The success of system development is most often gauged by three primary indicators: the number of days of deviation from scheduled delivery date, the percentage of deviation from the proposed budget, and meeting the needs of the client users. Tools and techniques to help perform well along these dimensions abound in practice and research. However, the project view of systems development should be broader than any particular development tool or methodology.
Any given development philosophy or approach can be inserted into a systems development project to best fit the conditions, product, talent, and goals of the markets and organization. In order to best satisfy the three criteria, system development project managers must focus on the process of task completion and look to apply controls that ensure success, promote learning within the team and organization, and end up with a software product that not only meets the requirements of the client but operates efficiently and is flexible enough to be modified to meet changing needs of the organization. In this fashion, the project view must examine both process and product.

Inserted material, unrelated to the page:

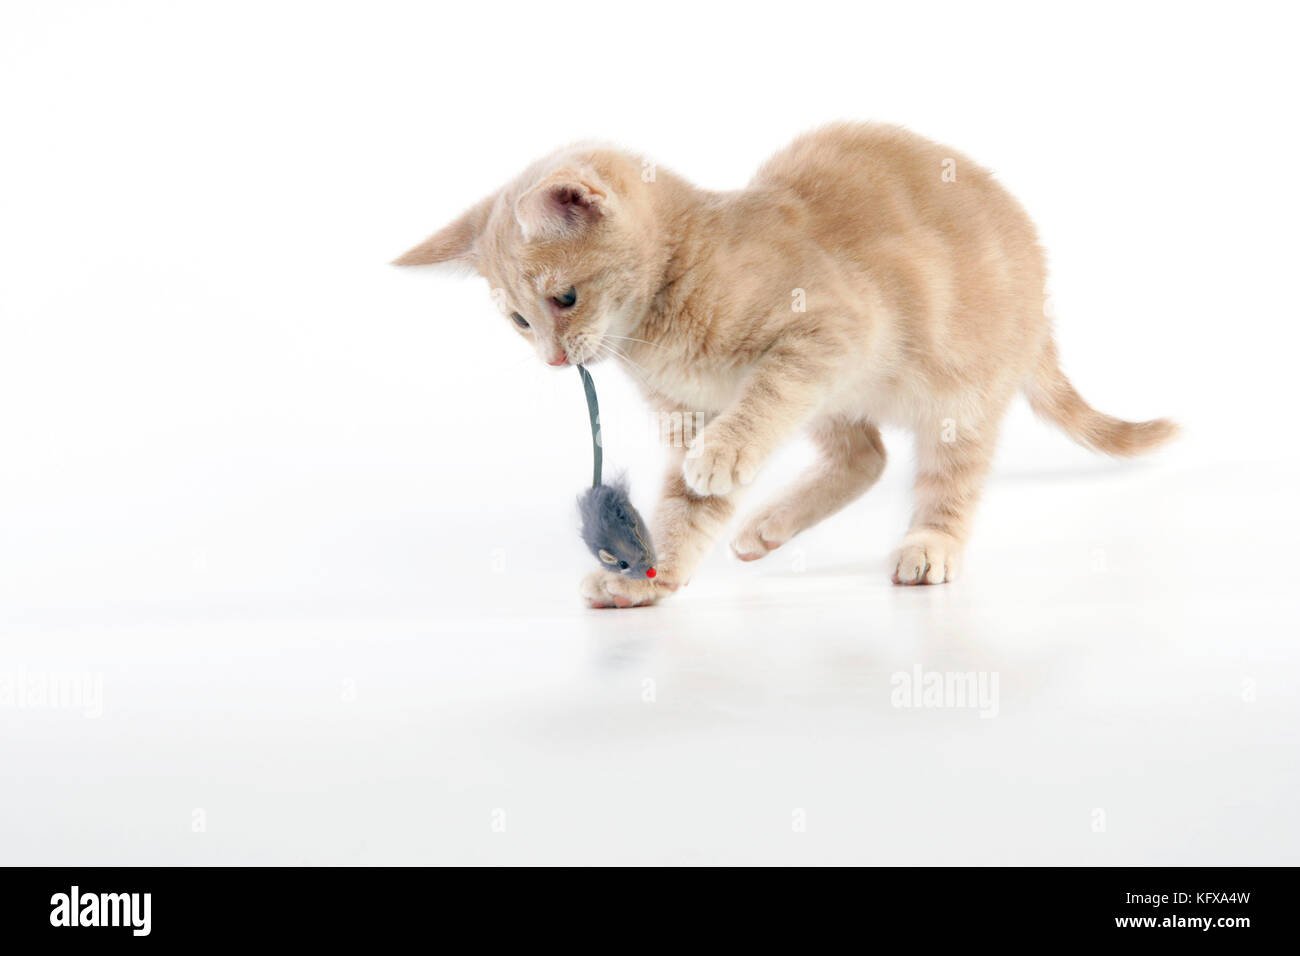 CAT. un chaton de tabby de crème jouant avec une souris de jouet Banque D'Images

Often, tasks required for project completion seem contradictory to organizational goals. Within the process, managerial controls are applied in order to retain alignment of the product to the initial, and changing, requirements of the organization. However, freedom from tight controls promotes learning. The product also has contradictions among desired outcomes. Designers must consider tradeoffs between product efficiency and flexibility, with the trend in processing power leading us ever more toward the flexibility side. Still, we rage between conflicting criteria, with the advocates of a waterfall system development lifecycle (SDLC) usually pushing more for control aspects and efficient operations while agile proponents seek more of a learning process and flexible product.
Regardless of the development methodology followed, project managers must strive to deliver the system on time, within budget, and to meet the requirements of the user. Thus, both product and process are crucial in the determination of success. To compound the difficulties, those in control of choosing an appropriate methodology view success criteria from a different perspective than other stakeholders. Understanding how different stakeholders perceive these factors impacting eventual project success can be valuable in adjusting appropriate methodologies. Our study looks at these relationships using well established instruments in a survey of IS development professionals to better clarify the importance of these variables in system project success and any perceived differences among different players in IS development (see the sidebar on "How the Study Was Conducted").